| Work to complete |
The whole listing needs retyping exactly; keep the pictures out of it.

| Recorded data |
· · · · · · ·
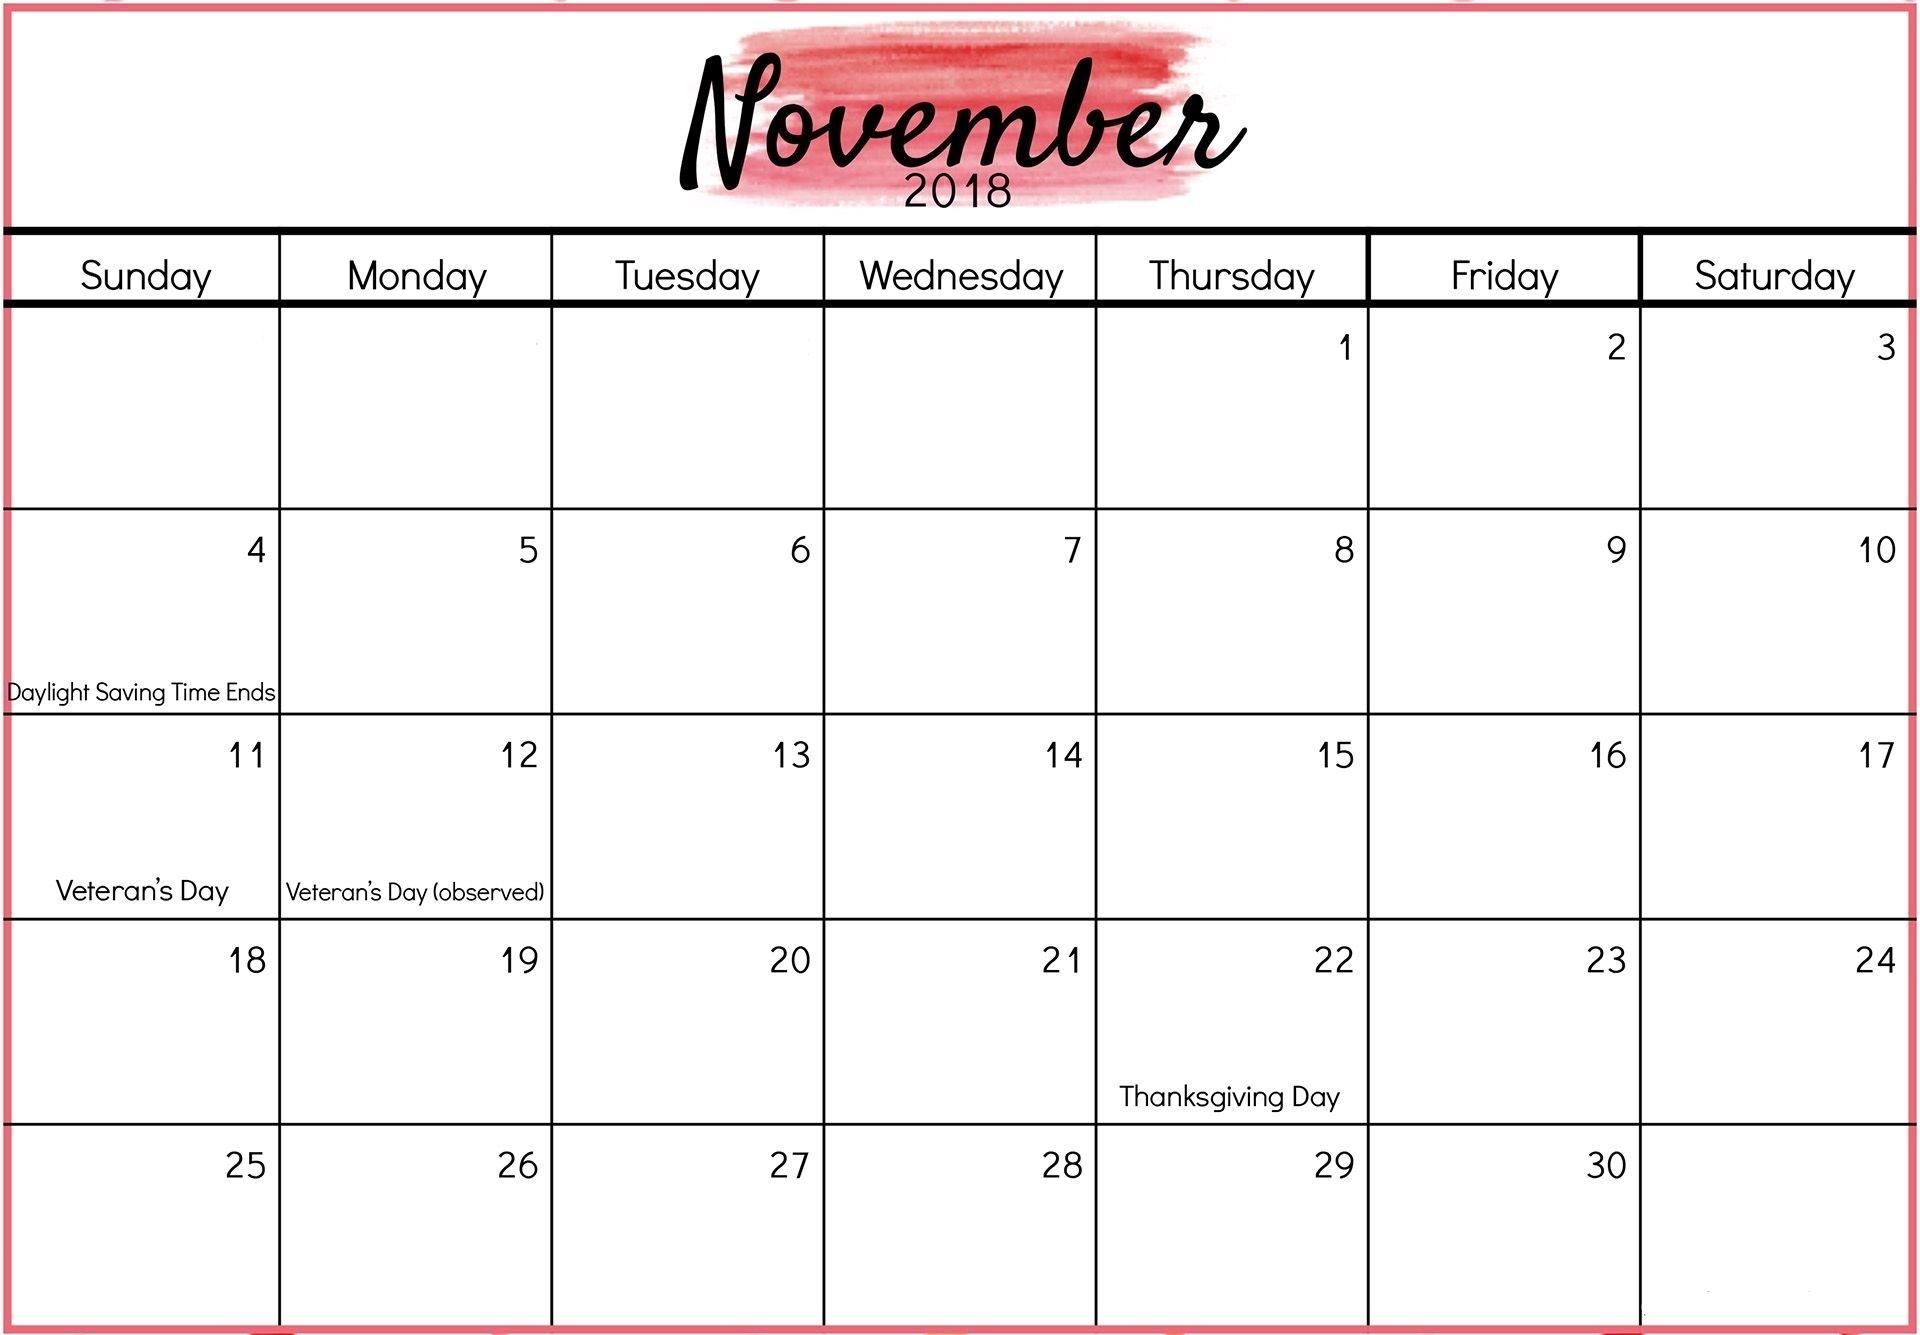 November 2018 Calendar Printable Planner | Blank November 2018
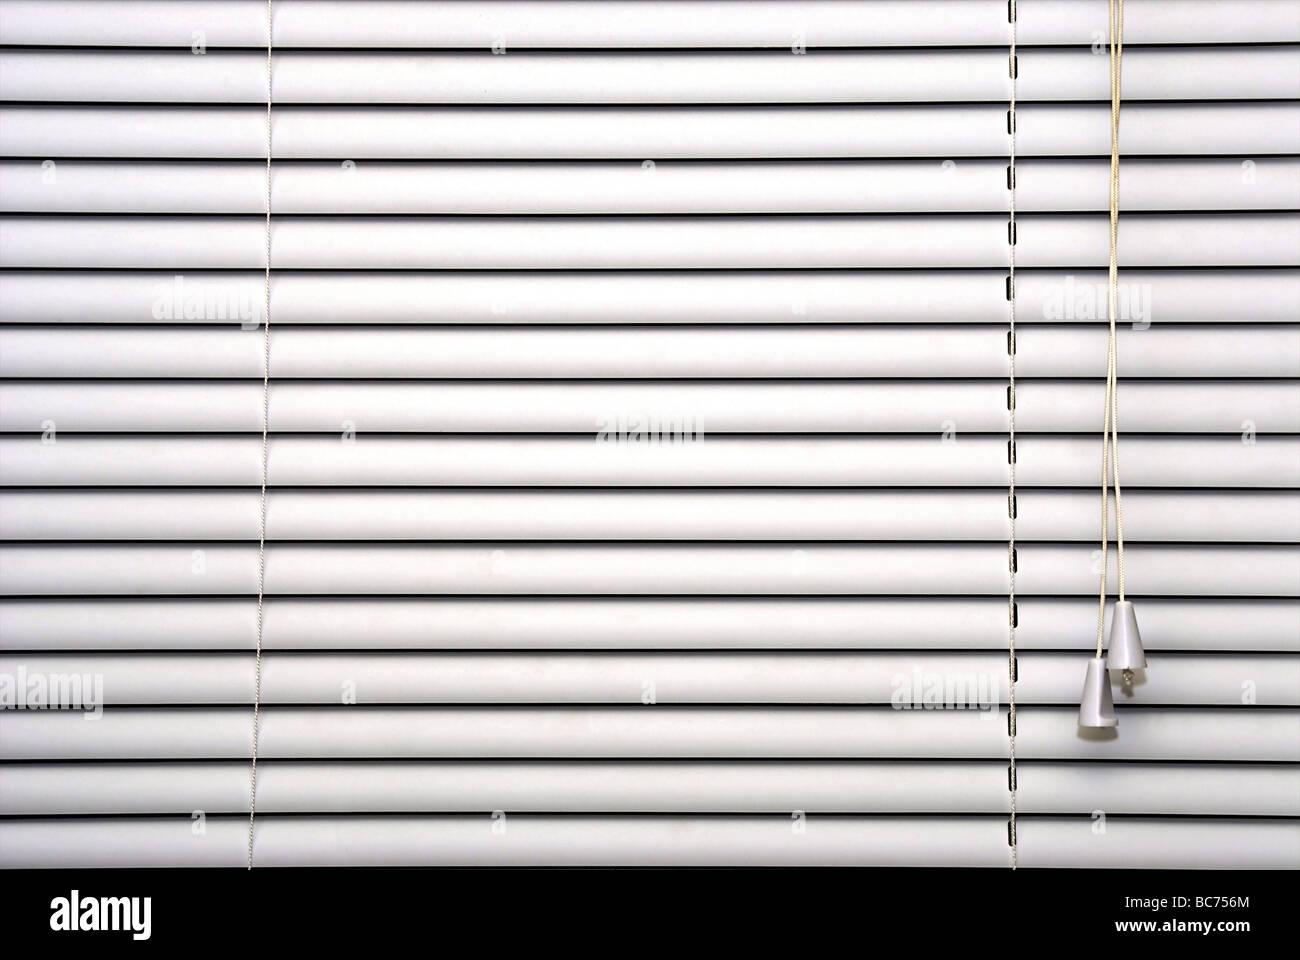 Fermé les stores blancs becs et les cordons de réglage montrant Photo Stock
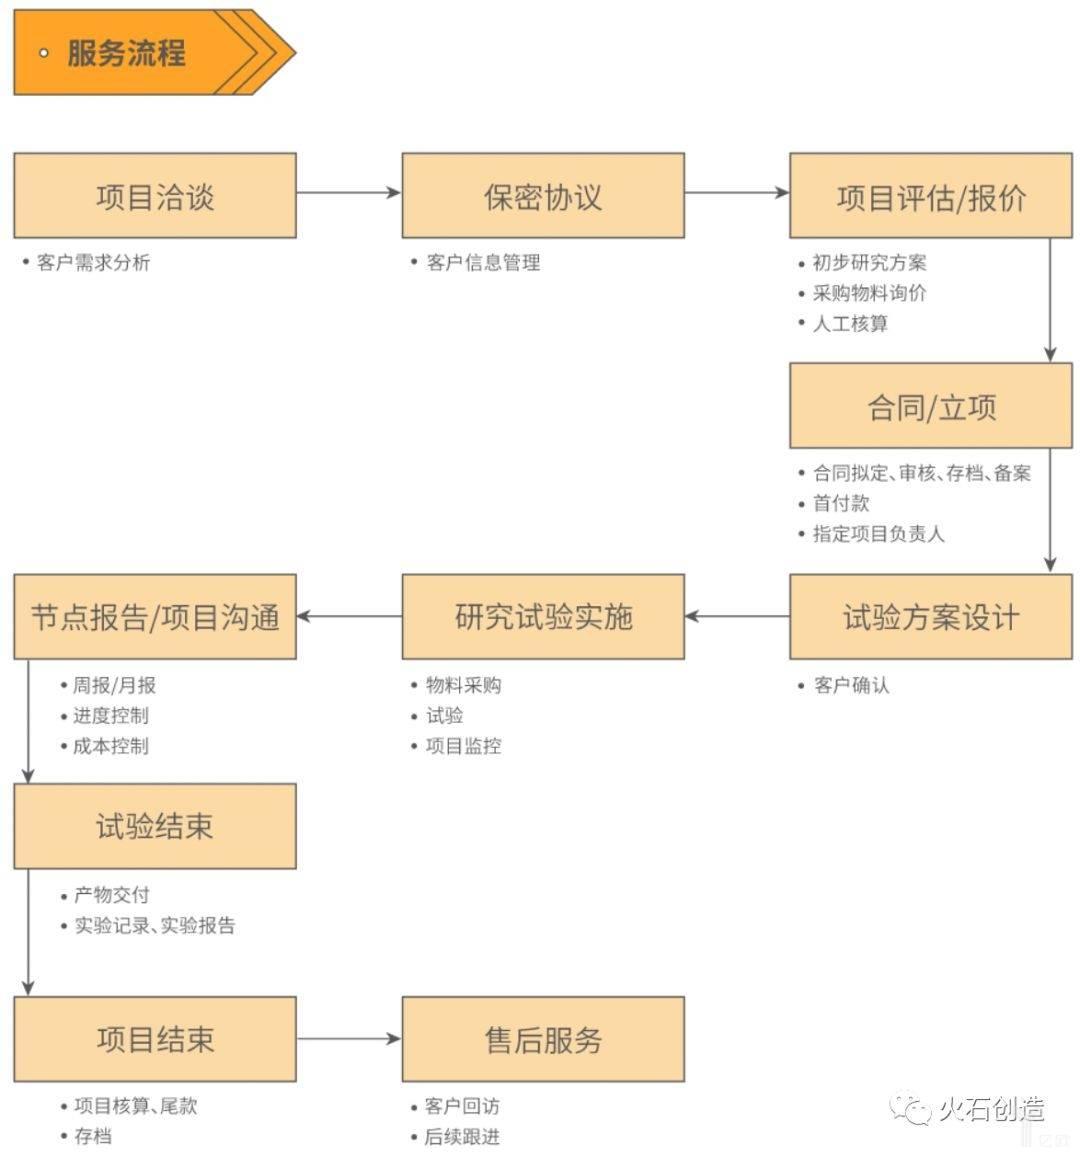 图4  临床前CRO服务流程 .jpeg
· · · · · · ·
| Task result |
 November 2018 Calendar Printable Planner | Blank November 2018
 Fermé les stores blancs becs et les cordons de réglage montrant Photo Stock
 图4  临床前CRO服务流程 .jpeg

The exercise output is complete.